What does it mean when a company goes public? A look into IPOs & how they work in M’sia.
We explain what an initial public offering (IPO) means and how a company can launch its IPO on Bursa Malaysia with specific requirements.
Whenever a company launches its initial public offering (IPO), it tends to be the talk of the business world and makes big splashes on news sites.
An example of this locally is brands like AgapeATP who filed an IPO in the US market and Farm Fresh who filed for an IPO in the Bursa market last year. The hype also extends to companies who are gearing up to list an IPO in the near future, like Pet World International and Eatcosys.
So what is the big deal with IPOs and why does it seem to be the goal for businesses?
To put it simply, reasons why businesses go public are because it enhances the brand’s image and visibility, provides valuable currency for future acquisitions, and raises the business’s capital for expansion.
Going public through an IPO also allows early investors to cash in on their investments. This includes family, friends, and angel investors who have pumped money into the business before it grew to be as established as it currently is.

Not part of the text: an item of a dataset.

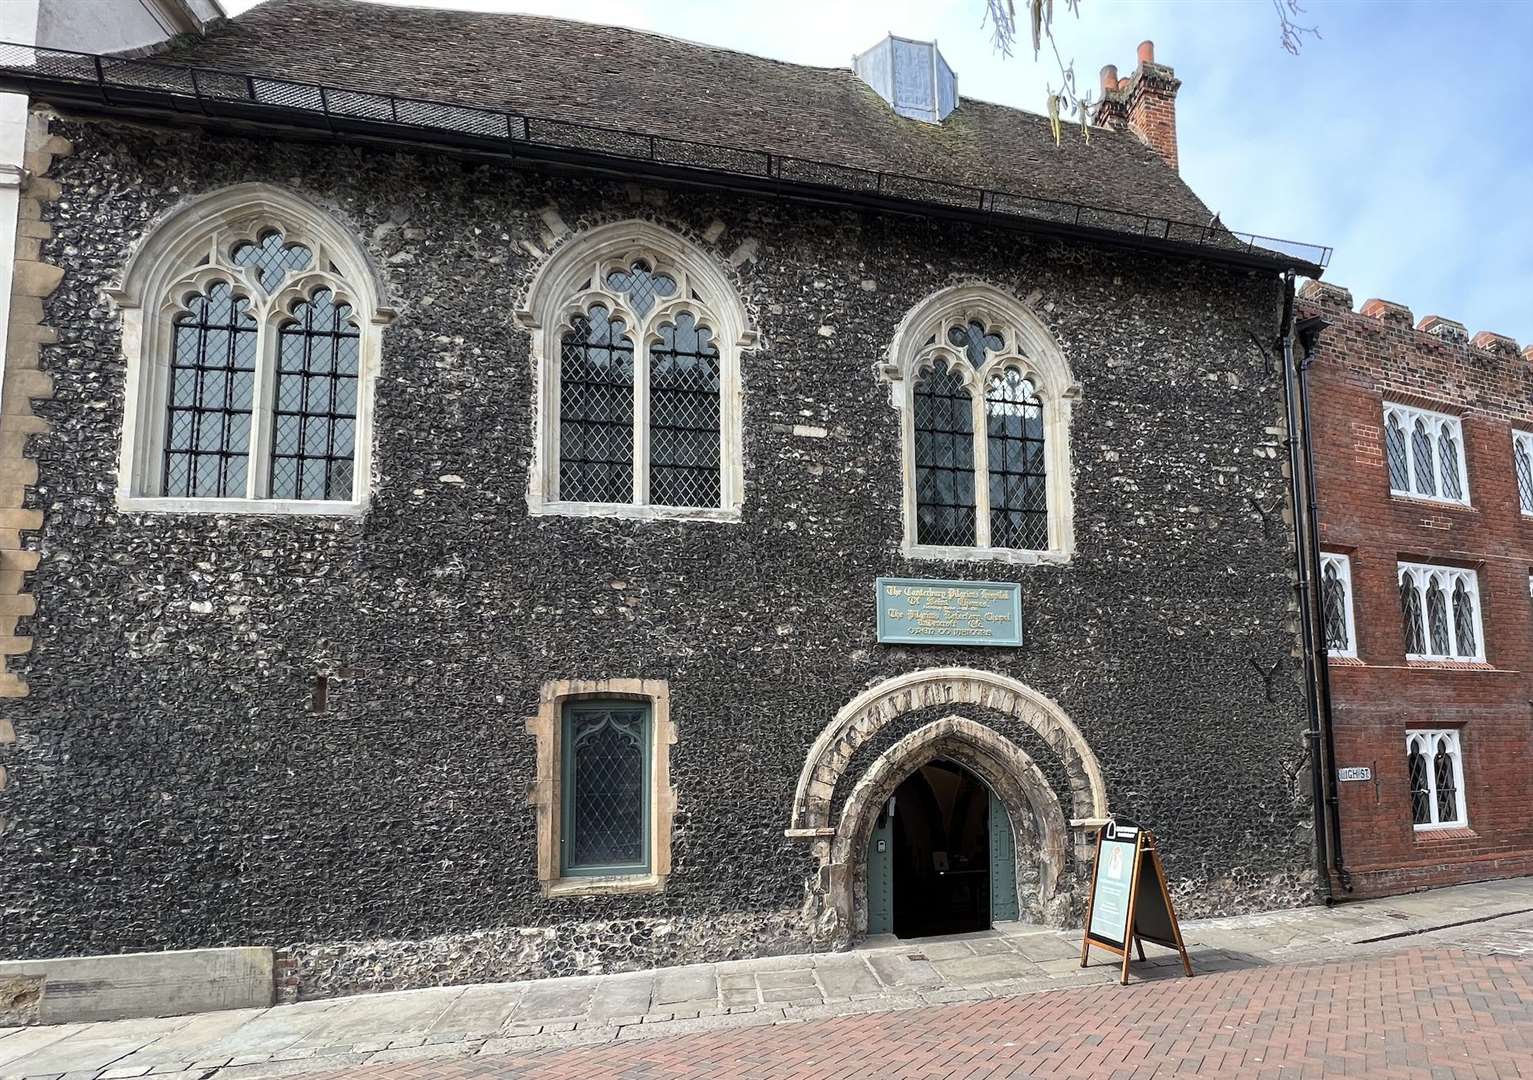 The unassuming Eastbridge Hospital entrance in Canterbury High Street hides a historical gem

But how does all this work?
What exactly is an IPO?
The term IPO refers to the process of offering a private company’s shares to the public through the stock exchange. This is in the form of new stock issuance for the first time in the company’s history.
Usually, companies tend to be established business entities that have achieved unicorn status, or reached a private valuation of approximately US$1 billion.
Although according to Investopedia, private companies of different valuations who have demonstrated profitability potential could also qualify for an IPO.
Typically, each nation will have its own marketplaces for securities where IPOs happen. You might already be familiar with some of them, like the London Stock Exchange (LSE) and the New York Stock Exchange (NYSE).
In Malaysia’s case, the institution in charge of operating and regulating the Malaysian capital market is Bursa Malaysia.
Source: InvestopediaUnder Bursa Malaysia, there are three markets for companies seeking to list in Malaysia—Main Market, ACE Market, and LEAP Market.
Main Market is a prime market for established companies that have met the required standards in terms of quality, size, and operations. This includes achieving a minimum profit track record or minimum size that’s measured by market capitalisation.
Dictionary time: Market capitalisation refers to the total value of all a company’s shares of stock. It is calculated by multiplying the price of a stock by its total number of outstanding shares.
Source: Fidelity InvestmentsACE Market (also formerly known as MESDAQ) is a sponsor-driven market designed for companies with growth prospects.
Some aspects that are taken into consideration when assessing companies include business prospects, corporate conduct, and adequacy of internal control.
In essence, Main Market and ACE Market provide companies with a clearly defined platform to raise funds from both institutional and retail investors. And according to Bursa Malaysia, it’s only accessible to sophisticated investors.
Dictionary time: Sophisticated investors are generally (i) accredited investors, such as a unit trust scheme, an Islamic bank licensee, a CEO or director of specific corporations, etc., (ii) high-net worth entities, such as a registered trust company under the Trust Companies Act 1949, corporations that manage funds of their related companies with assets of more than RM10 million, etc., and (iii) high-net worth individuals, such as someone with total net personal assets exceeding RM3 million, someone with gross annual income over RM300,000, etc.
Source: Securities CommissionOn the other hand, LEAP Market is an advisor-driven market that aims to provide emerging companies (including SMEs) with greater fundraising access and visibility via the capital market.
What qualifies a business to list an IPO on Bursa Malaysia?
To list an IPO on Bursa Malaysia, companies would first need to meet its quantitative and qualitative requirements:
Quantitative criteria: Profit test, market capitalisation test, infrastructure project corporation test, and public spread. Qualitative criteria: Sponsorship, core business, management continuity and capability, financial position and liquidity, moratorium on shares, and transaction with related parties.But the exact amount and categories of criteria that need to be met are entirely dependent on which market the applicant seeks to list.
For example, applicants to list on the Main Market will have to prove uninterrupted profits of three to five full financial years (FY), with aggregate after-tax profit of at least RM20 million.
Its after-tax profit needs to be at least RM6 million for the most recent FY, and the company needs to be operating in the same core business over the profit track record prior to submission.
However, these requirements are not necessary for those wanting to list in the ACE Market and LEAP Market. The full list with specifications for those markets can be found on Bursa Malaysia’s website here.
All IPO applications are subject to the approval of the Securities Commission Malaysia (SC) in accordance with Section 212 of the Capital Markets and Services Act 2007 (CMSA).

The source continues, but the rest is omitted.